AI has gleaned that you live in a ground-floor flat, use the lifts at work and do pathetically little exercise, so it wants to give you one of these substitute staircase torture machines to boost your cardio. Maybe it’s time to present a different image online, by posting about fictional Couch to 5K progress and faking your step count. Simply duct tape your iPhone to your cat and AI will think you have a busy, if unusual, exercise regime of wandering the streets every night looking for sexual partners.
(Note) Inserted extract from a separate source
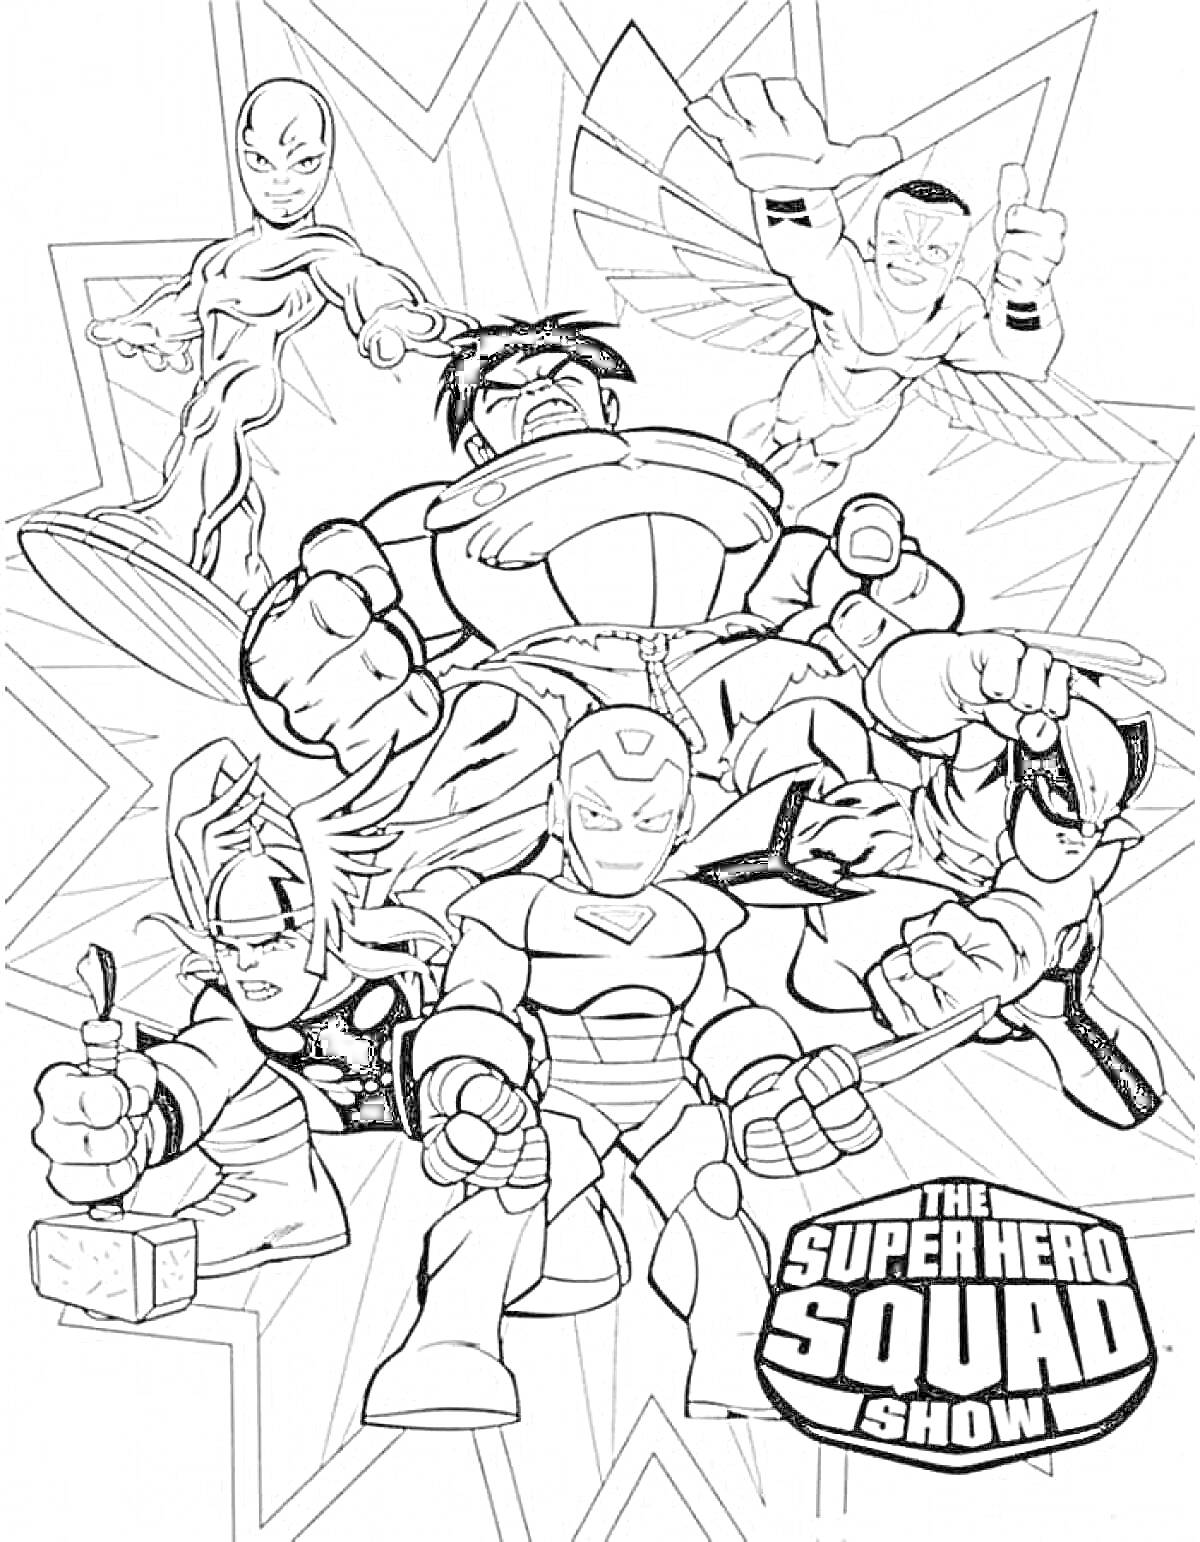 Марвел - Персонажи шоу Super Hero Squad (Серебряный Сёрфер, Халк, Сокол, Меченосец, Железный Человек и Росомаха)

Camping in the Scottish Highlands

Just because you once claimed to love the outdoors out of dating-profile desperation and gave Holiday Inn Express a shitty rating because it’s Holiday Inn Express, doesn’t mean you want to spend a week in a tent in the Cairngorms. What about all the Insta posts of you faking fun in European capital cities with companions whose names you barely remember? If you’re going to pissing, chilly Scotland, your AI is coming with you on your phone. If the f**ker freezes solid, it can add that to its learning.

Hello Fresh membership

Is AI suggesting you’re incapable of providing yourself with wholesome meals? All those Deliveroo orders are pretty incontrovertible evidence, but you have a busy job and a responsibility to your streaming services. Who’s got time to source fresh ingredients and cook from scratch when you’re still only on season nine of The Walking Dead? Out of courtesy you’ve decided to try it. At least you’ll get an Insta post out of whatever disappointing, fiddly slop you make tonight.

Dolls’ house

You might spend hours scrolling Zoopla fantasising about the perfect house you can’t buy because you haven’t got wealthy parents, but that doesn’t mean you have a love of houses per se. On the other hand, you would like to know what it’s like to own a beautiful Victorian town house with an elegant drawing room in which to take tea with charming, well-bred ladies. Even if they’re dolls. Go on then, you’ll take the risk of descending permanently into a deranged fantasy world.

Lovehoney selection box

AI has scraped your comments about sex or lack of and decided you need to spice up your love life with sex toys, a terrible idea no human friend would ever suggest. If you’re female and attached, let’s hope your partner is ready to have his penis rendered obsolete by a huge dildo with an unfair number of stimulating squirmy things. If you’re male and single you may find you’re not getting the most out of a selection of cock rings. Maybe you can combine both and play hoopla.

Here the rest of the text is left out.